We left the Isle of Skye after driving around a good part of it the next afternoon and then returned to the mainland at Kyle of Lochalsh. We stayed two nights in this area. Plockton was the nearest town and was a charming little village to visit. We drove to Eilean Donan, the Mackenzie Castle, restored and used by the MacRae Clan. This castle was bombarded by the English in 1711 during the Battle of Glenhiel.

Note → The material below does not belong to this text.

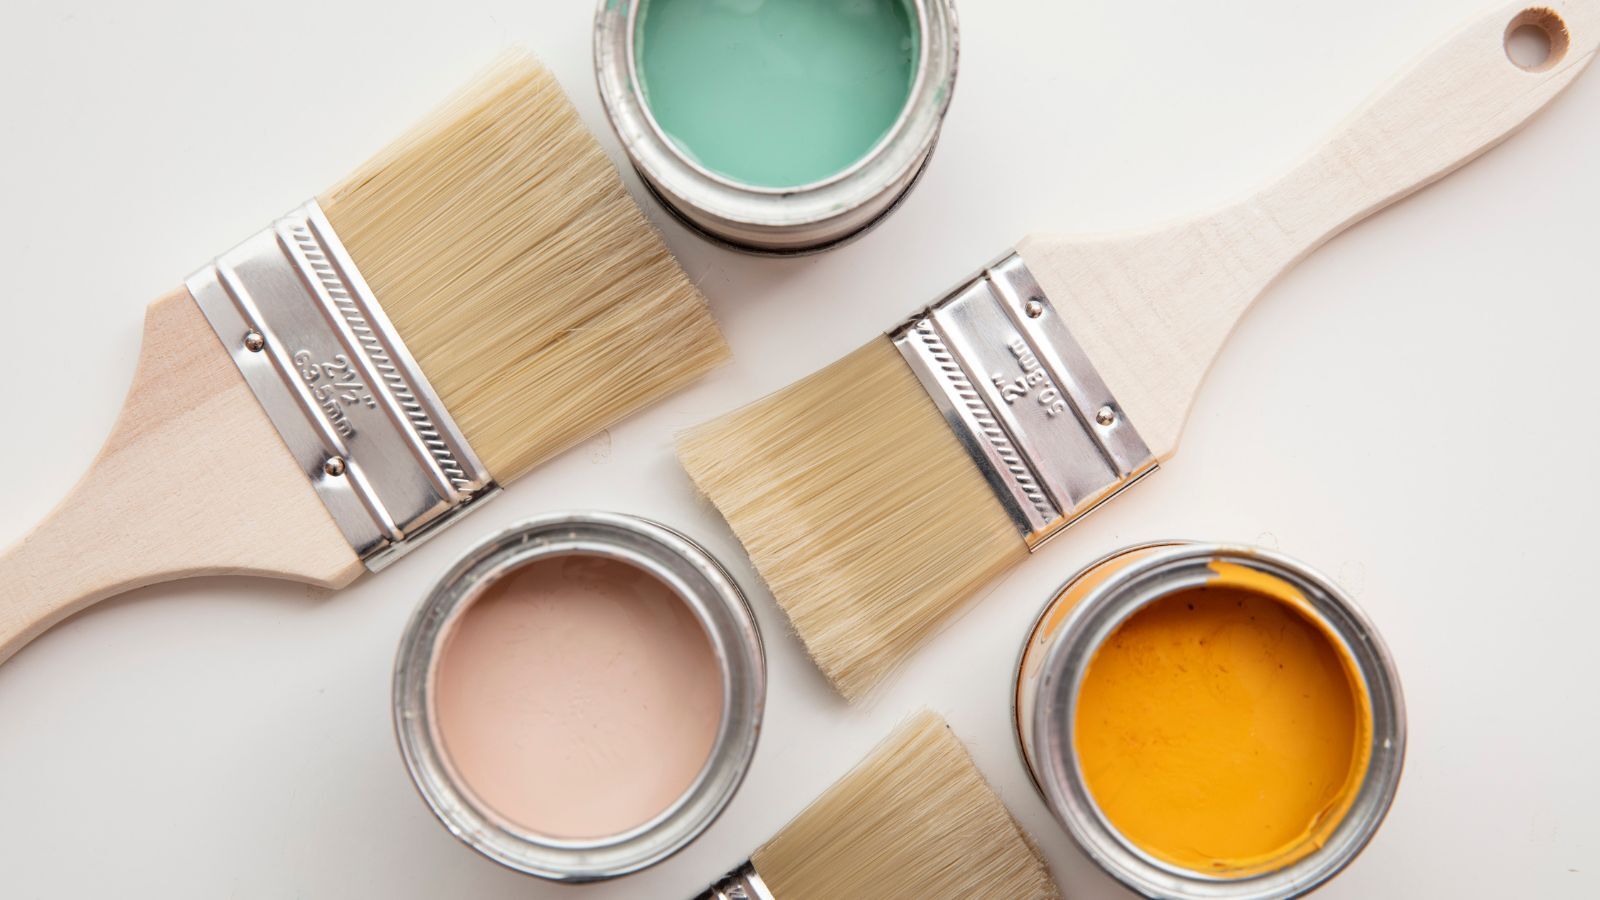 12 Best Paint Brands to Spruce Up Your Interior Walls

Our next stop was Gairloch where we stayed in a Bed and Breakfast built in 1776 and now used as a small Inn. The following day our son, wife, and children wanted to go boating in the little bay near where we stayed. While they did that my wife and I spent the whole morning in the local museum. It was a delightful small museum, one which Nelda Stuck would have loved because it was filled with local history and artifacts presented by the people of that area, the kind that Nelda is promoting for Redlands. We purchased a number of books displayed at the museum among which was the HISTORY OF THE CLEARANCES by Alexander MacKenzie. This book held the answers to my questions about the Highland Clearances.

As we drove on across the Highlands along the western coast of Scotland through green hills with many streams and waterfalls flowing down the barren slopes, we were struck by the wild beauty of the country. These lonely slopes sparsely populated and mostly treeless and so green were in the earliest days the communal home of the clansmen and their chiefs. At first the clansmen and the chieftains all lived together on common ground with each helping the other and the clansmen having a strong loyalty to their chieftain. They needed each other.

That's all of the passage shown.